# Insulation in vaulted ceiling help please!!!!



## pri6175 (Jan 21, 2012)

Ok so we built a 2 room addition on my parents trailer and I need some advice from you knowledgeable people out there and I need it bad! I will put pictures up so you guys know what Im talking about. Heres the situation.

I have a 15ft x 30ft addition connected to a trailer with 1ft. overhang all the way around. The framing is all done and we are trying to start insulating. The Ceilings are where all my questions are. I have a 10ft. ridge vent installed in the center of the roof. We will have vaulted ceilings so I installed some of the rafter vents. I ran them all the way up from eaves to ridge vent. My 1st question/problem 

#1. what do I do between the rafters that have no ridge vent at the top? do i run vents up through there anyway? I was thinking if I did that then the moisture would just get trapped in there. So I came here because I don't want to do it wrong. Do I just close those up? then there would only be ventilation between the 8 center rafters. see rafter vents.jpg That would mean that I have 2 rafters on each outer end without vents and the 8 in the middle have vents that run all the way up to the ridge vent.

#2. I have spray foamed around the eaves where the rafter vents meet the eaves so should I do that or leave it open around the rafter vents? #3. same as the previous question except at the ridge vents...not sure if i should foam around the vents or leave them open for the air to travel through there.... see rafter vent closeup.jpg

I have only done between 5 rafters on each side so far. 
I guess this is a good place to start with getting some info. I have other questions that I will post as this thread develops. Any info. you guys can provide me would be great and I would really appreciate the advice. I just do not want to do it wrong and have to do it all over again. Im trying to avoid mold and trying to keep it warm in there. I will attach photos so u can see what Im talking about.


----------



## pri6175 (Jan 21, 2012)

btw I we r located in western PA. we used unfaced insualtion under the floor and poly over top the insulation and plan to do the same on the ceiling. thanks again for any advice you can offer....I can't stop thinking about how to do this right....


----------



## titanoman (Nov 27, 2011)

Extend the vents accordingly?


----------



## joecaption (Nov 30, 2011)

You now have the vaper barrier on the wrong side under the house.
It should have been faced insulation with it facing the subfloor.
Now the moisture from the room will be traped.
Did you install a vaper barrier on the ground under the addition?


----------



## titanoman (Nov 27, 2011)

joecaption said:


> You now have the vaper barrier on the wrong side under the house.
> It should have been faced insulation with it facing the subfloor.
> Now the moisture from the room will be traped.
> Did you install a vaper barrier on the ground under the addition?

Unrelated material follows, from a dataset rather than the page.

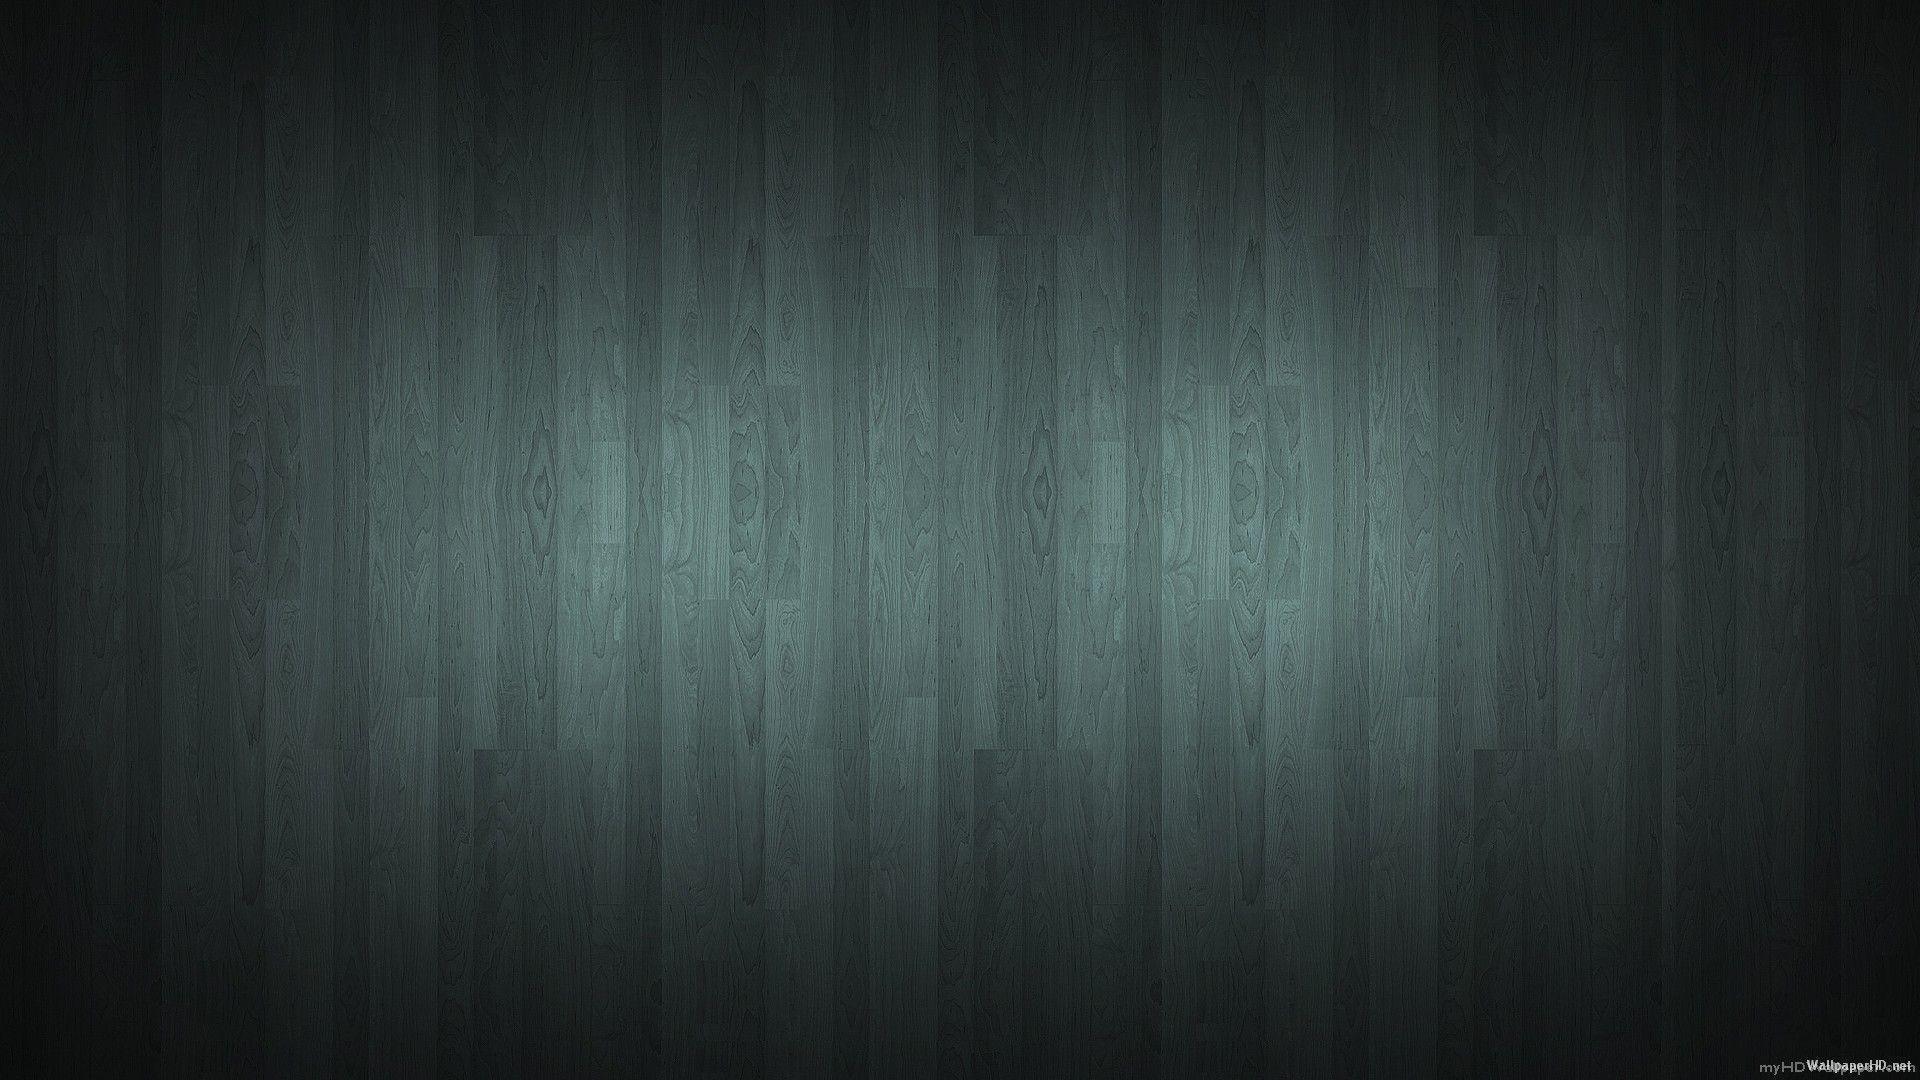 NVIDIA Wallpapers 1080p - WallpaperSafari

You must be seeing something I'm not. Are there pictures of the floor there?


----------



## Gary in WA (Mar 11, 2009)

The ridge vent has to vent every bay. The OSB sheathing is installed wrong side up, maybe not.... The rafters are under-sized due to being seat-cut ripped incorrectly; pp. 38: http://books.google.com/books?id=iwSasc7rowcC&pg=PA38&lpg=PA38&dq=heel+or+toe+bearing+with+rafter&source=bl&ots=QXpuP2csh6&sig=aBxUyKfe4mv2pWTq5bQon4cZvj8&hl=en&ei=L8gnTIqtL9CHnQfkk9m8Bg&sa=X&oi=book_result&ct=result&resnum=1&ved=0CBIQ6AEwAA#v=onepage&q=heel%20or%20toe%20bearing%20with%20rafter&f=false
You need continuous soffit venting. The f.g. wall insulation install is poor leading to convective loops; http://oikos.com/library/insulating_framed_walls/index.html
Gaps between drywall/insulation of 1/32" or more degrade f.g.: http://www.advancedinsulationinc.com/resources/Getting_Quality_from_Fiberglass_Insulation.pdf
Biggest problem is the missing rafter material that requires a hanger not to split from bearing point upward. You essentially now have 2x4 rafters = PA, western= Zone 5; http://publicecodes.citation.com/icod/irc/2009/icod_irc_2009_11_sec001_par001.htm *2x4 span= 8'2" @ 16"o.c. or 6'8" @ 24"o.c.* ; http://publicecodes.citation.com/icod/irc/2009/icod_irc_2009_8_sec002_par023.htm

R-13 in wall, R-5 foamboard on exterior side, *R-38 required in ceiling*, R-30 in floor: http://publicecodes.citation.com/icod/irc/2009/icod_irc_2009_11_sec002.htm
Sorry to be the bearer of bad news...

Gary


----------



## joecaption (Nov 30, 2011)

No picture, the OP said it in his first post.

There's spray foam stoping the air flow into the foam baffles from the soffits.
If those are just 2 X 6's rafters there's no way to fit the mim. R-30 insulation in the bay. At the lower end you would have to use R13 to even fit it in the bay which may cause ice dams from that area being warmer.
There's no way now to lay sheetrock flat on the ceiling due to the rafters being cut wrong.


----------



## titanoman (Nov 27, 2011)

Oh. I'm sorry. It's in his second post, that I didn't see. My bad...


----------



## titanoman (Nov 27, 2011)

They are some FINE looking rafters!
I like the big header on the wall too,
or maybe it's a ridge beam on a wall.


----------



## pri6175 (Jan 21, 2012)

*Thanks for the quick response!*

Thanks for all the replys. Well, I am concerned with some of the responses.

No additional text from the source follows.